Maillard made a success of at the laboratory the artificial propagation of an
important natural phenomenon, and in the mechanism elucidated. Indeed, in
nature, of the glucides hydrolysables out of sugars are constantly in contact
with proteins hydrolysables in amino acids. One could not too much stress the
importance of this discovery, however little known of the medical world.
After its thesis of
sciences and various publications being attached to it, the interruption of its
personal research is placed, imposed by the war. Exempted active service in
times of peace because of his sight, Mr. Maillard engages for the duration of
the war as of July 30, 1914.
Named to the biological
Pulpit of chemistry of the Faculty of Algiers in 1919, Mr. Maillard devoted his
activity to his teaching, to which it could print a deeply original character.
He had the concern, pushed until the scruple, to hold it with the current of the
most recent work, while eliminating in a pitiless way what did not appear to him
not established with enough certainty.
During the years which
follow the war, a lassitude easily explicable by the extraordinary activity
which it had deployed, immediately does not enable him to continue its
scientific research. Ten years later, it resumes experimental work or at least
the direction of research. It found in Algiers a collaborator worthy of him.
It is infinitely small
chemical, the titanium, which holds its attention. With Mr. Ettori, it develops
a method of proportioning of the titanium which is characterized by a
particularly elegant design and an extreme sensitivity (X by 300). It indeed
makes it possible to proportion this element on test specimens which contain
only few thousandth milligram of it. This method is applied to proportioning of
titanium in blood and the bodies of the man and various animals. It makes it
possible to show for the 1era time that titanium exists in a constant
way, although with very weak amount, in the blood and all the bodies of the man
and the principal mammals. The last communication of Mr.
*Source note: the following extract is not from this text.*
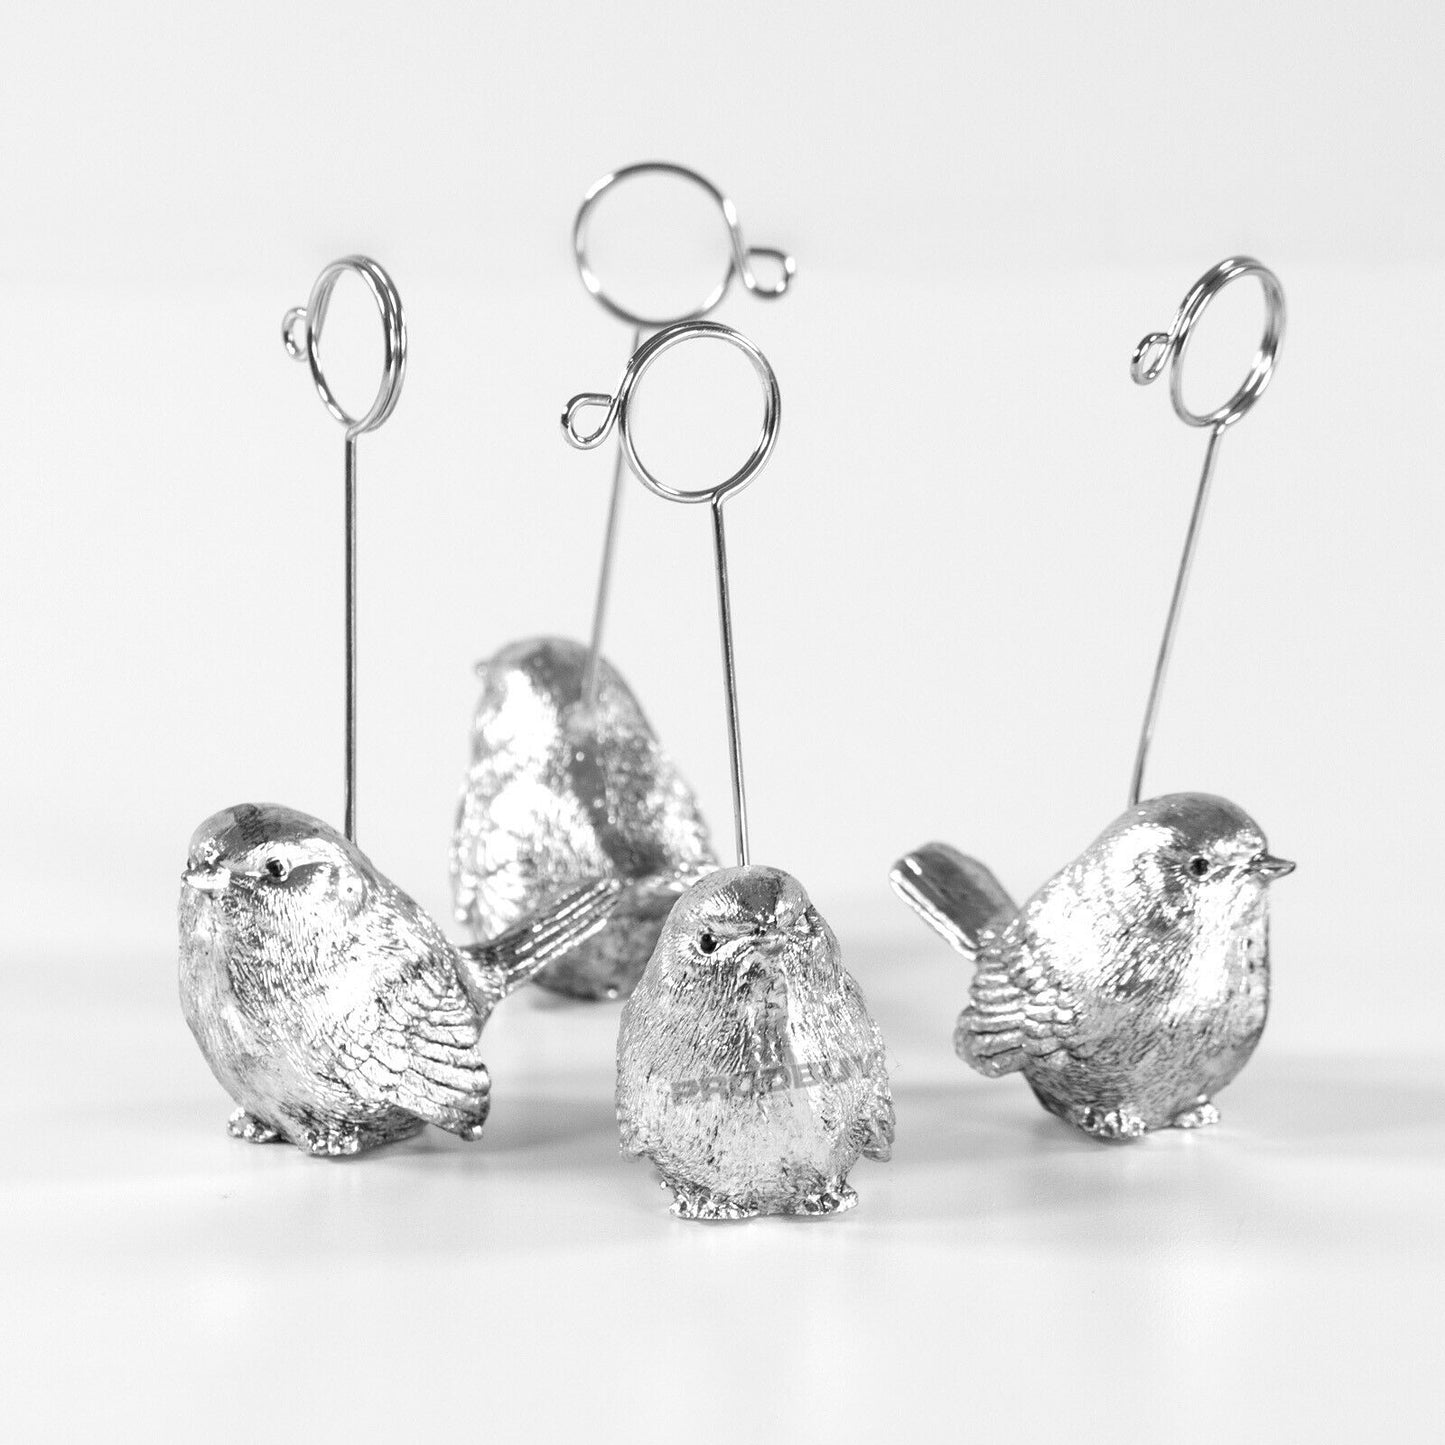 Silver Bird Wedding Name & Place Card Holders

Maillard on this
subject appears after its death.
Let us add to this
essential work the true bible which the Treaty of Histology represents and still
announce the communications of Louis Camille made on Nancy. Although?uvres of
youth, they show the eclecticism and the serious one of the scientist.
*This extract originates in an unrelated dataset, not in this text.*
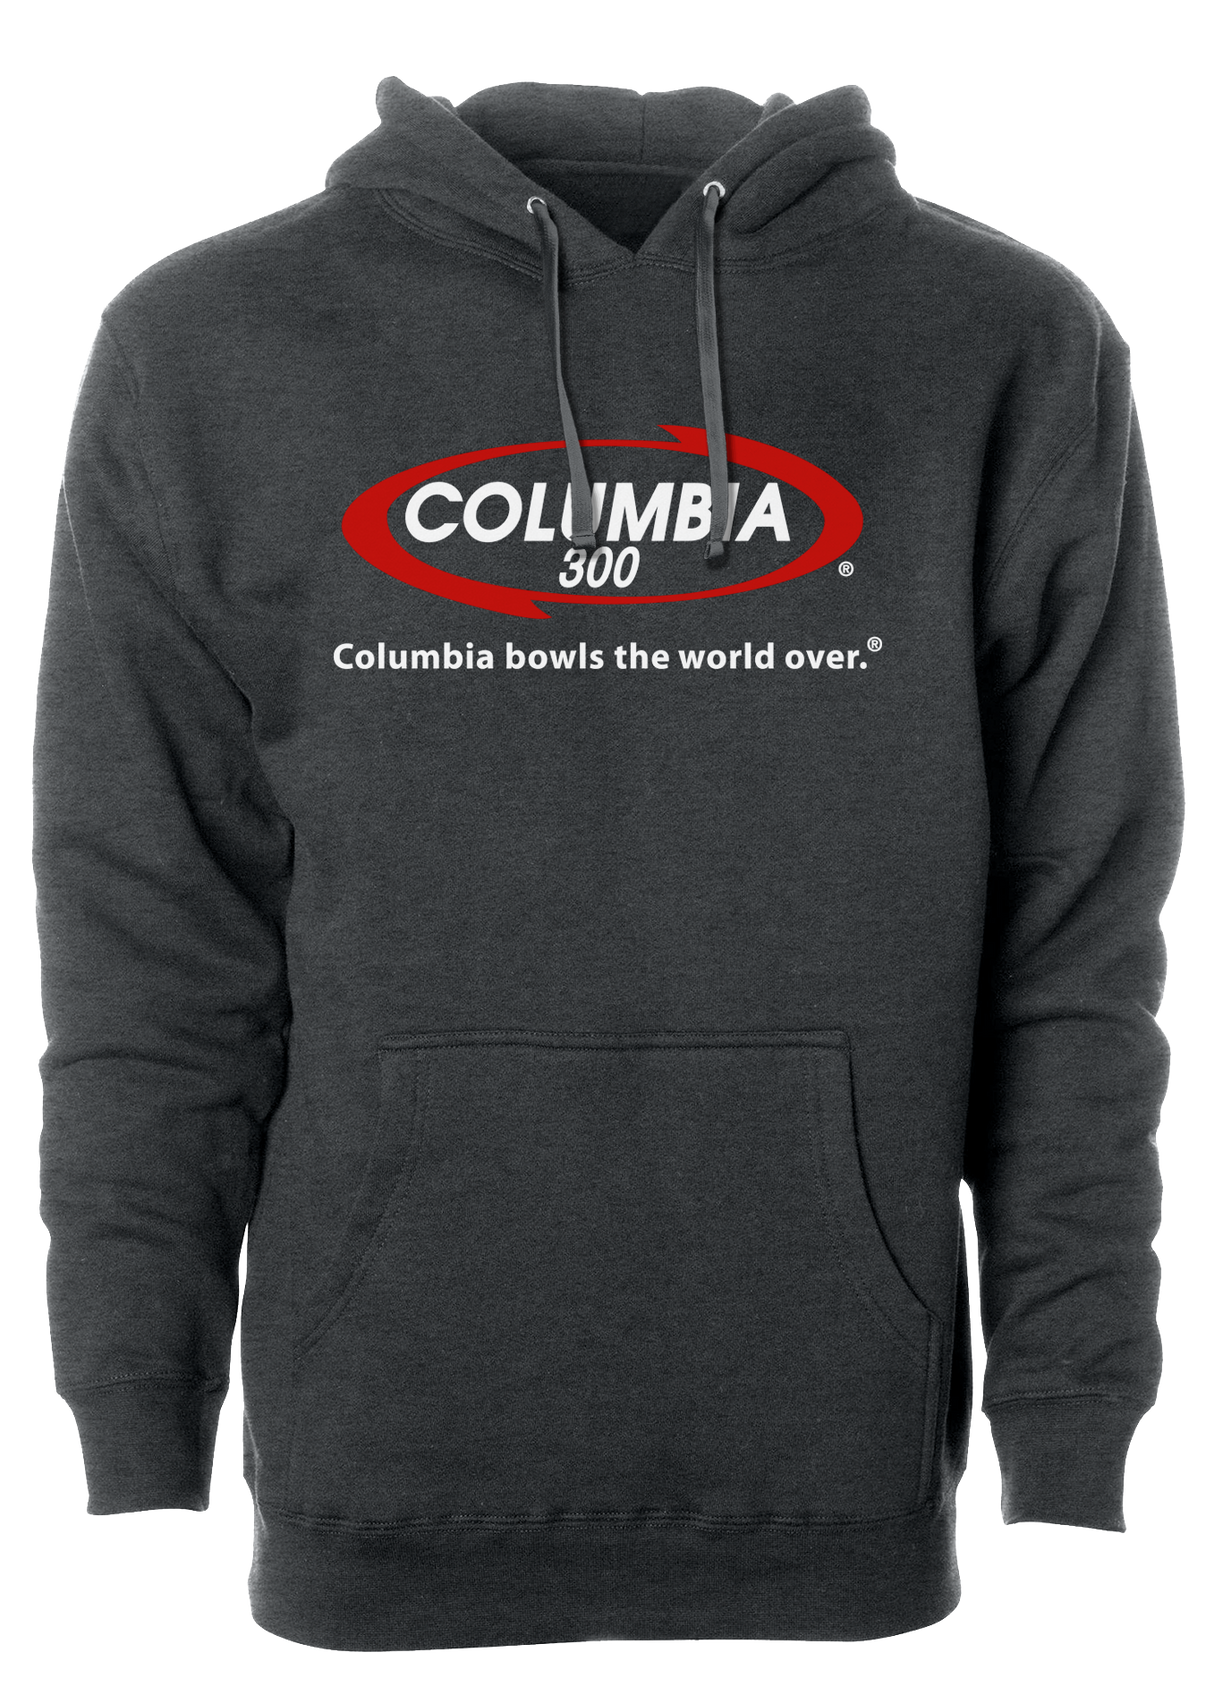 Keep warm in this stylish Columbia 300 - Bowls The World Over - design hooded sweatshirt. #Columbia300 #BowlsTheWorldOver  Front pouch pocket Midweight Hoodie/Hooded Sweatshirt Bowling Gear Gift Discount Save Collection Ebay Amazon Cheap Value

- the influence of limestone on the vegetation,
- loaches of pond,
- the presence of vanillin in the Lorraine orchises,
- On a crystallized fibrin of blood
- pectoral small Muscle and rachidian tandem,
- Copper sulfate on frogs,
- Copper sulfate and Penicillium glaucum,
- Ionization in the vital phenomena, etc, as many articles
which make known Mr. Maillard beyond Lorraine. Louis Camille MAILLARD is at the
origin of the creation of many new terms corresponding to his discoveries and
introduced with the Richet dictionary since 1910 (the indol and cyclopeptides
for example).
Mr. Maillard left a
scientific?uvre considerable and highly appreciated in France and abroad. By
traversing it, one remains truly astonished by the number and the quality of
work which it published in a so short time. The summary that I have just made
can give only one quite incomplete idea of it.
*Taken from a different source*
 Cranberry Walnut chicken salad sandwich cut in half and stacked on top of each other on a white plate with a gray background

At the scientific level, the history preserved the name of
MAILLARD by associating it several names and formulas:
Hémi
indigotin of Maillard
Phenomena
of Maillard (indigotin and indirubin)
Coefficient
of Maillard (index of ureogenic imperfection)
And of course immortal "reaction of Maillard" (action of sugars on the amino acids) which will be worth with its author a universal posthumous radiation.